PROBLEM TO WORK ON: Every line of the data below should be written out word for word.

RECORDS FOR THE TASK:
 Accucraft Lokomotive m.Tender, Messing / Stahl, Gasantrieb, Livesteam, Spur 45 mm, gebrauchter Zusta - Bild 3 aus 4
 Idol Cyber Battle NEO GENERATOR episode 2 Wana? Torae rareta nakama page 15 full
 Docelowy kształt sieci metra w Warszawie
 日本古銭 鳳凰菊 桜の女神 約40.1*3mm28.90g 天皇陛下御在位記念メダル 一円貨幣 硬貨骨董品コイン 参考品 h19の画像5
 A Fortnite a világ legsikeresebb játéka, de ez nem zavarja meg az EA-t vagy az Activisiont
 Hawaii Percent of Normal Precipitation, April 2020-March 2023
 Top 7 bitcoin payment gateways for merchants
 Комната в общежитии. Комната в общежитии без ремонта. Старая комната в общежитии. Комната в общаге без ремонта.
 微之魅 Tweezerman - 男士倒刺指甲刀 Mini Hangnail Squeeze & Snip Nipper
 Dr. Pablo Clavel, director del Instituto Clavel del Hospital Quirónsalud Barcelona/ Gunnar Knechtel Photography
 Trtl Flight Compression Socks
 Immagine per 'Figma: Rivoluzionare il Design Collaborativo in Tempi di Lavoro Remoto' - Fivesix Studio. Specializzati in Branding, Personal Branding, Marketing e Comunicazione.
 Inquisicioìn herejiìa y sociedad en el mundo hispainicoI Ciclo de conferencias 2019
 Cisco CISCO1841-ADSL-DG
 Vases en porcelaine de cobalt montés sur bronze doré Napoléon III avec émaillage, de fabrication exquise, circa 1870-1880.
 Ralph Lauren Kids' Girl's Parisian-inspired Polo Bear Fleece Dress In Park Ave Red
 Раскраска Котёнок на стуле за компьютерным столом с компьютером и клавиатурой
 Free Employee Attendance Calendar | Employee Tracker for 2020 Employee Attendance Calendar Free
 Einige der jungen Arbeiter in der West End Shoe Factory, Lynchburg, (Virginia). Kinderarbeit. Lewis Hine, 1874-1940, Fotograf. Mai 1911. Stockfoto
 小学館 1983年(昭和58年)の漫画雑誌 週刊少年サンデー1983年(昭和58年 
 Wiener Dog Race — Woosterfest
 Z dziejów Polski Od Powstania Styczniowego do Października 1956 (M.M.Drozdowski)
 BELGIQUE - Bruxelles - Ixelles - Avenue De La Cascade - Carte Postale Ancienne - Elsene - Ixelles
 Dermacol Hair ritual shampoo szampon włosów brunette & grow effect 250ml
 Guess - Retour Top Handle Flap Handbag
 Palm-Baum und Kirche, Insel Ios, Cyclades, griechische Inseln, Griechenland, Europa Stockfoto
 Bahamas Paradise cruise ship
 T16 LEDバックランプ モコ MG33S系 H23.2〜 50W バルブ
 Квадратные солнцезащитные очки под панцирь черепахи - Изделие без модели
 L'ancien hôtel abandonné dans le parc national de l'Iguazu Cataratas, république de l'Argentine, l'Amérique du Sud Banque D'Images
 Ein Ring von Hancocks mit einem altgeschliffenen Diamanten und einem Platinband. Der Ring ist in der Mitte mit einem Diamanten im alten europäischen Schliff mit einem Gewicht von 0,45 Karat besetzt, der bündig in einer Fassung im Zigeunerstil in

OUTPUT OF THE EXERCISE:
 Accucraft Lokomotive m.Tender, Messing / Stahl, Gasantrieb, Livesteam, Spur 45 mm, gebrauchter Zusta - Bild 3 aus 4
 Idol Cyber Battle NEO GENERATOR episode 2 Wana? Torae rareta nakama page 15 full
 Docelowy kształt sieci metra w Warszawie
 日本古銭 鳳凰菊 桜の女神 約40.1*3mm28.90g 天皇陛下御在位記念メダル 一円貨幣 硬貨骨董品コイン 参考品 h19の画像5
 A Fortnite a világ legsikeresebb játéka, de ez nem zavarja meg az EA-t vagy az Activisiont
 Hawaii Percent of Normal Precipitation, April 2020-March 2023
 Top 7 bitcoin payment gateways for merchants
 Комната в общежитии. Комната в общежитии без ремонта. Старая комната в общежитии. Комната в общаге без ремонта.
 微之魅 Tweezerman - 男士倒刺指甲刀 Mini Hangnail Squeeze & Snip Nipper
 Dr. Pablo Clavel, director del Instituto Clavel del Hospital Quirónsalud Barcelona/ Gunnar Knechtel Photography
 Trtl Flight Compression Socks
 Immagine per 'Figma: Rivoluzionare il Design Collaborativo in Tempi di Lavoro Remoto' - Fivesix Studio. Specializzati in Branding, Personal Branding, Marketing e Comunicazione.
 Inquisicioìn herejiìa y sociedad en el mundo hispainicoI Ciclo de conferencias 2019
 Cisco CISCO1841-ADSL-DG
 Vases en porcelaine de cobalt montés sur bronze doré Napoléon III avec émaillage, de fabrication exquise, circa 1870-1880.
 Ralph Lauren Kids' Girl's Parisian-inspired Polo Bear Fleece Dress In Park Ave Red
 Раскраска Котёнок на стуле за компьютерным столом с компьютером и клавиатурой
 Free Employee Attendance Calendar | Employee Tracker for 2020 Employee Attendance Calendar Free
 Einige der jungen Arbeiter in der West End Shoe Factory, Lynchburg, (Virginia). Kinderarbeit. Lewis Hine, 1874-1940, Fotograf. Mai 1911. Stockfoto
 小学館 1983年(昭和58年)の漫画雑誌 週刊少年サンデー1983年(昭和58年 
 Wiener Dog Race — Woosterfest
 Z dziejów Polski Od Powstania Styczniowego do Października 1956 (M.M.Drozdowski)
 BELGIQUE - Bruxelles - Ixelles - Avenue De La Cascade - Carte Postale Ancienne - Elsene - Ixelles
 Dermacol Hair ritual shampoo szampon włosów brunette & grow effect 250ml
 Guess - Retour Top Handle Flap Handbag
 Palm-Baum und Kirche, Insel Ios, Cyclades, griechische Inseln, Griechenland, Europa Stockfoto
 Bahamas Paradise cruise ship
 T16 LEDバックランプ モコ MG33S系 H23.2〜 50W バルブ
 Квадратные солнцезащитные очки под панцирь черепахи - Изделие без модели
 L'ancien hôtel abandonné dans le parc national de l'Iguazu Cataratas, république de l'Argentine, l'Amérique du Sud Banque D'Images
 Ein Ring von Hancocks mit einem altgeschliffenen Diamanten und einem Platinband. Der Ring ist in der Mitte mit einem Diamanten im alten europäischen Schliff mit einem Gewicht von 0,45 Karat besetzt, der bündig in einer Fassung im Zigeunerstil in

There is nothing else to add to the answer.